Alternative 2: Forward GitLab Self-Managed + Dedicated Requests to GitLab.com, no AI Gateway.
This approach would carry the greatest set of drawbacks, and from an Infrastructure perspective is the worst of all combinations.
- It creates a great deal of addition traffic on GitLab.com, which will lead to scaling and availability issues.
- It crams non-application domain data into the GitLab application.
- It cannot be used in regulatory or high-compliance environments, including for many banking, dedicated and government customers.
- @stanhu added counterarguments to this approach in #159 (comment 1432697053).
- @andrewn added counterarguments to this approach in https://gitlab.com/gitlab-org/gitlab/-/issues/414408#note_1429061838.
Reasons to select the Unified AI Gateway over Alternative 2
- Lower risk of saturation and utilization spikes on GitLab.com.
- A much strong privacy stance.
- GitLab-to-GitLab communications will be complicated, particularly since we have no control over the "client" GitLab versions, which will not match the GitLab.com and may be out of date by multiple releases.
List of changes needed to adopt this approach
- Add a new
code_suggestions
endpoint to the GitLab API. - This endpoint should send requests via the AI Abstraction layer.
- Update the VS Code extension to forward requests to the source GitLab instance rather than a static endpoint.
- AI Abstraction layer should forward requests to the AI Gateway, instead of directly to the AI providers (as is happening at present on GitLab.com).
- AI Gateway can be bootstrapped as the existing Model Gateway. It will need to add per-provider endpoints for Anthropic, OpenAI etc.
- When these endpoints are requested, the AI Gateway injects an authentication header, records telemetry details (as is being done already) and then forwards the request to a provider.
- AI Gateway needs to be able to verify self-managed requests against GitLab.com (in future this should migrated to another source).
Once this is done, self-managed, dedicated and GitLab.com will all be able to use AI features and provide unified telemetry.
Questions and Answers
-
What about the risk of scaling the AI Gateway to handle hundreds of thousands of concurrent users?
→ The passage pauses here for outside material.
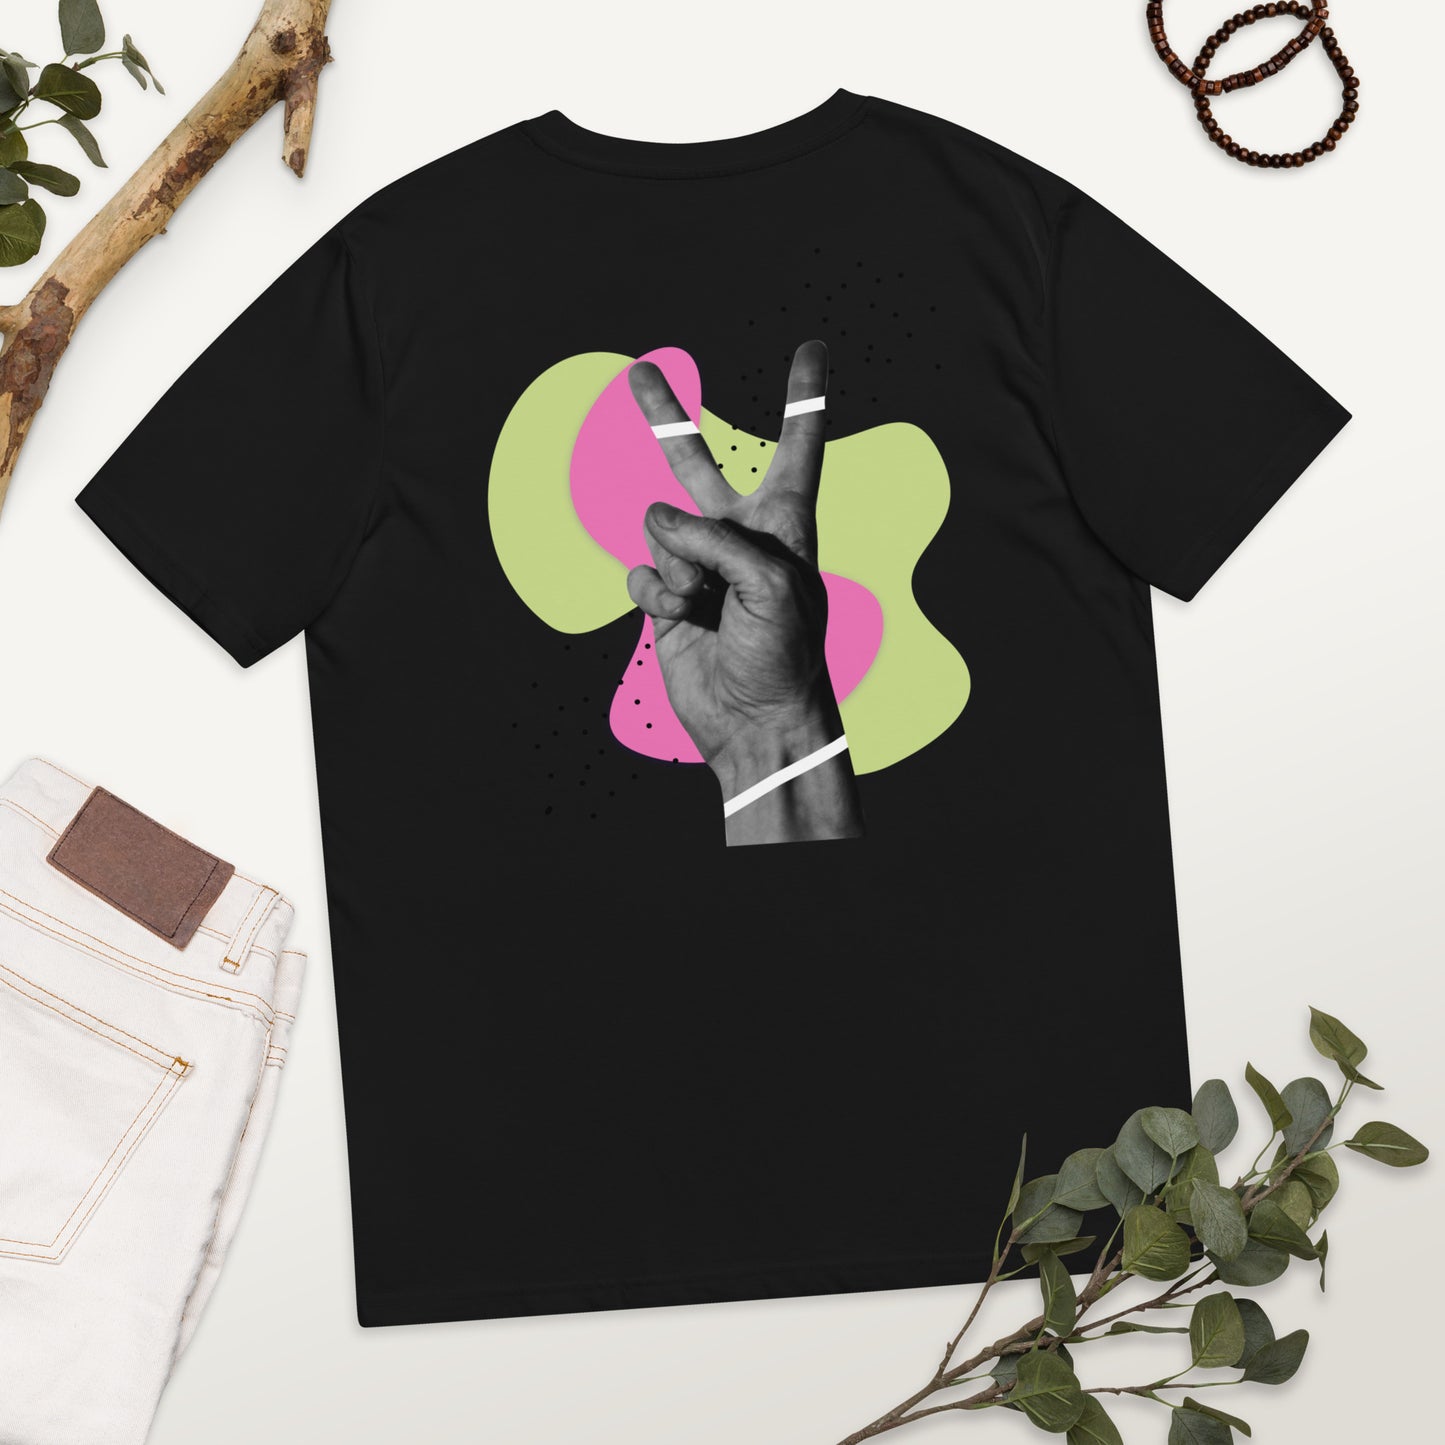 Abstract Peace-Unisex Organic Cotton T-shirt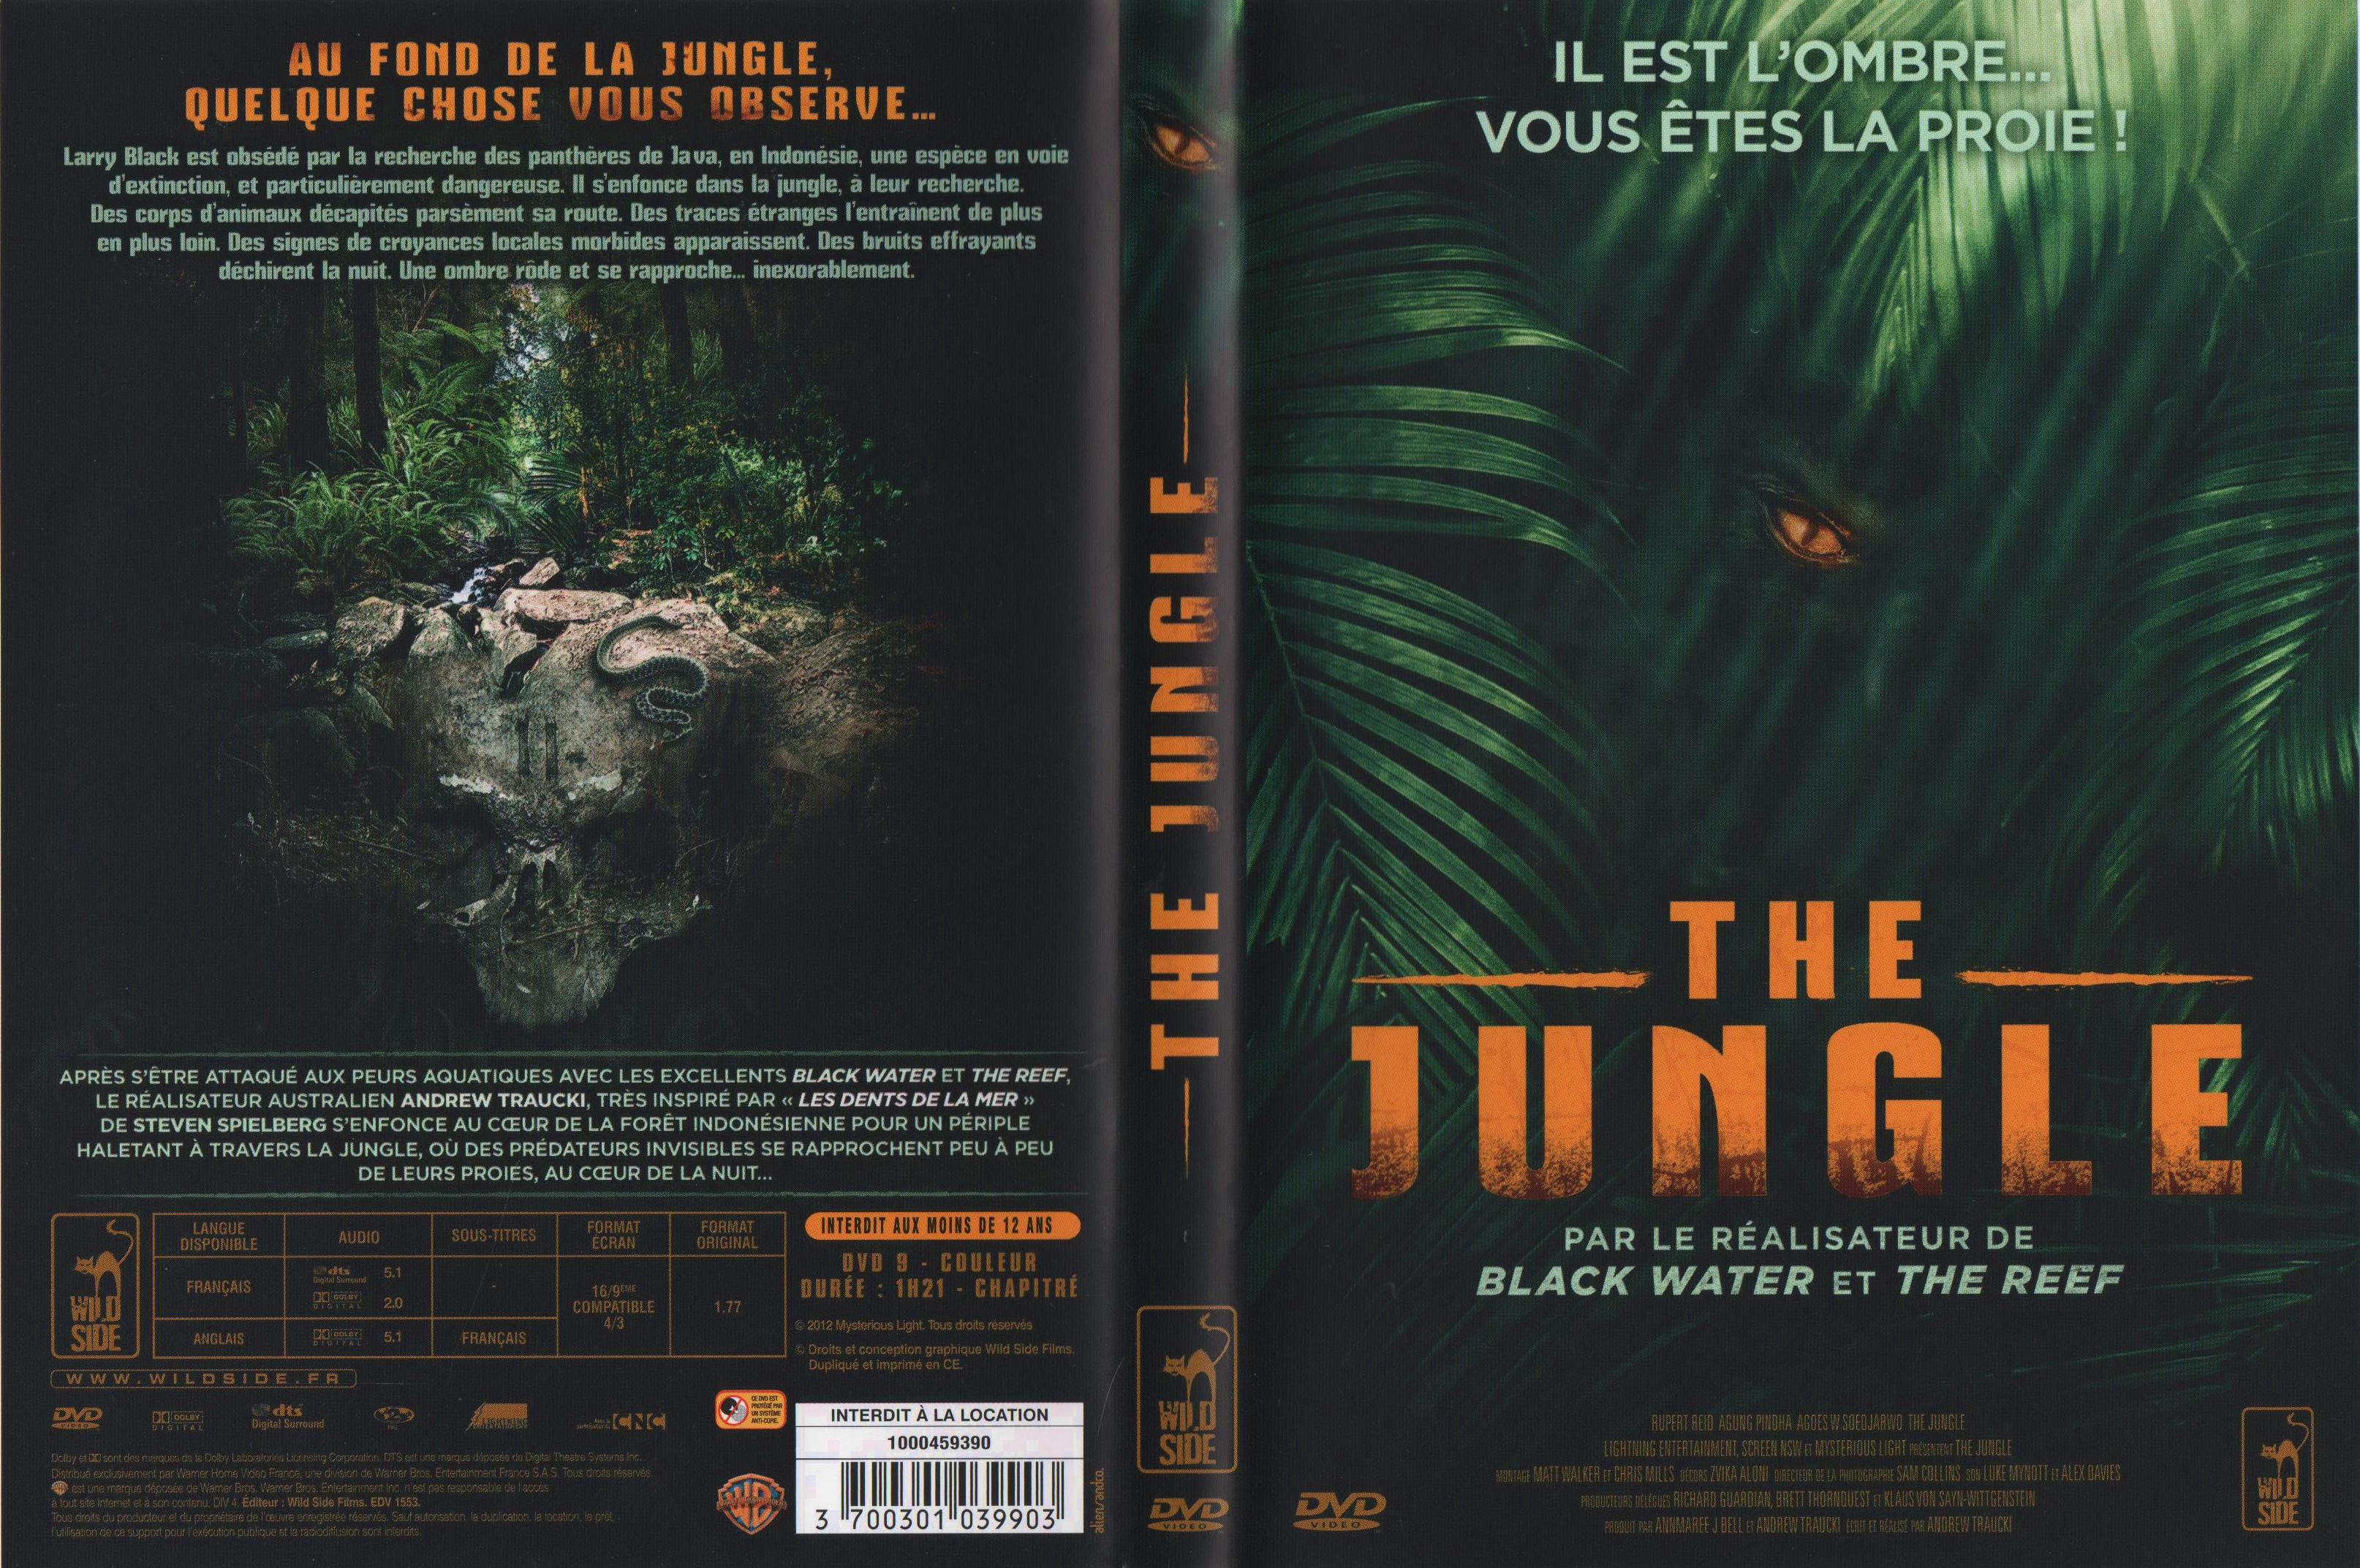 Jaquette DVD The jungle

- Scaling a small and stateless (async/
libuv
) service is much easier than scaling the synchronous Rails monolith running GitLab.com. - Pushing this traffic through GitLab.com would lead to onward pressure on our main PostgreSQL database, Redis, etc
- The observability work for managing this scaling has mostly already been done.
- An HPA can be added for dynamic scaling with ease.
- Scaling a small and stateless (async/
-
How do we go about authenticating GitLab Self-Managed and GitLab Dedicated Customers
- For the first iteration, work is already underway to utilize GitLab.com for this, but this is a temporary solution.
- This can be used initially, but over the longer term it would be better to migrate this authentication traffic to CustomersDot or another more appropriate source.
-
How long will this take to deliver?
- None of the changes described in the previous section should take long. This would be weeks maximum.